Abstract

In this issue, Prakash and colleagues present this thought-provoking report on four patients each with cluster headaches which responded favourably within 2 weeks to a relatively high dosage of indomethacin (1). After a thorough literature review, they identified three relevant groups of such patients: (i) those with cluster headache responsive to indomethacin; (ii) those with cluster headache wrongly diagnosed as paroxysmal hemicrania (PH) because of apparent response to indomethacin; and (iii) patients with co-existent cluster headache and PH. They also note that physicians tended to diagnose patients as having PH if patients were responsive to indomethacin even though the clinical profiles of the patients were compatible with cluster headache (1). This paper inspires us to re-think the diagnostic criteria of trigeminal autonomic cephalalgias (TACs) in the International Classification of Headache Disorders, 2nd edn (ICHD-2) (2).
The overlaps of clinical manifestations
Cluster headache and PH are both characterised by attacks of unilateral headache associated with ipsilateral craniofacial autonomic symptoms, the so-called TAC. Of note, there is another headache disorder, hemicrania continua, which is also, and recently, considered as one type of TAC, although it is grouped into ‘other primary headache’ in the ICHD-2 (2,3). The overlaps in duration and frequency of attacks of cluster headache and PH are inherent in the diagnostic criteria of the ICHD-2 (2) and make borderline cases difficult to classify (3). Therefore, response to indomethacin therapy becomes an important differential criterion between these two headache disorders.

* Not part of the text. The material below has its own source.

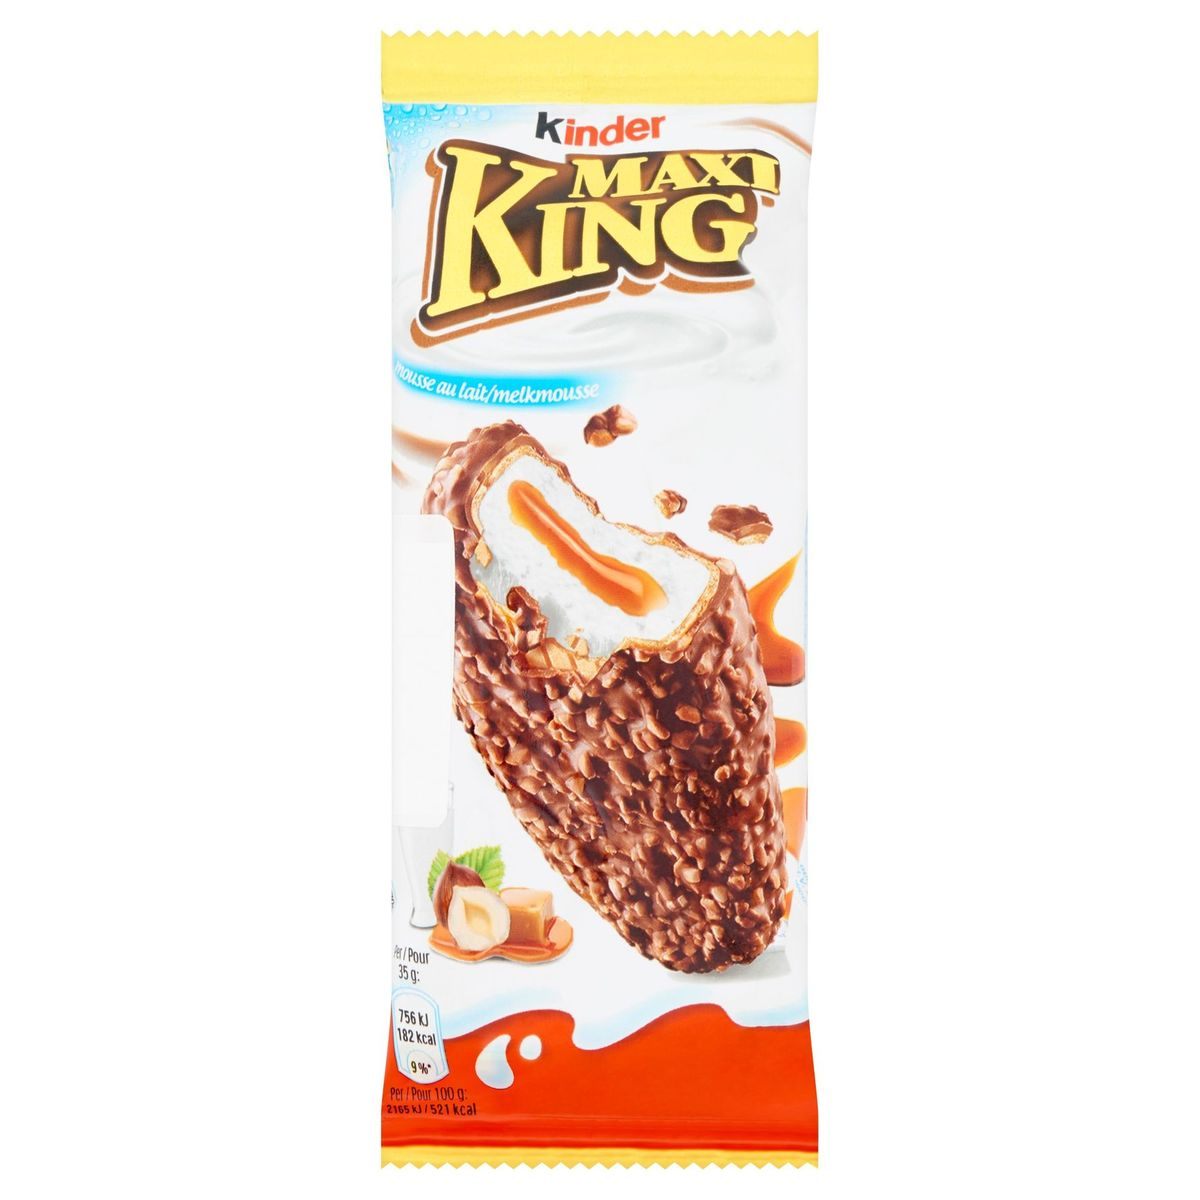 Kinder Maxi King 3 x 35 g

Drug response as one criterion for headache disorders
The ICHD-2 lists indomethacin response as one criterion for both PH and hemicrania continua but does not specify either dose range or treatment duration. It is controversial to use therapeutic response as diagnostic criteria because ‘grey zone’ patients do exist, such as: (i) cluster headache patients responsive to indomethacin (1); (ii) putative hemicrania continua patients non-responsive to indomethacin (4); and (iii) PH patients responsive to common cluster headache prophylactics including verapamil and topiramate (5). In fact, many headache disorders are also found to be indomethacin responsive including cough headache, exertional headache, stabbing headache, hypnic headache and idiopathic intracranial hypertension (6).
A common pathophysiology?
Some clues suggest that cluster headache, PH and hemicrania continua might share a common pathophysiology. Observational studies have reported patients with co-existent cluster headache and PH (1) and patients with hemicrania continua evolving from cluster headache (7). Modern neuro-imaging studies have documented hypothalamic activation in all three of these headache disorders (5). The different headache duration and frequency of these disorders might result from different levels of hypothalamic regulation (5).
We fully agree with one very practical point suggested by the authors: indomethacin should be tried in patients with refractory cluster headache before any surgical intervention. Be sure of adequate dosing and treatment duration.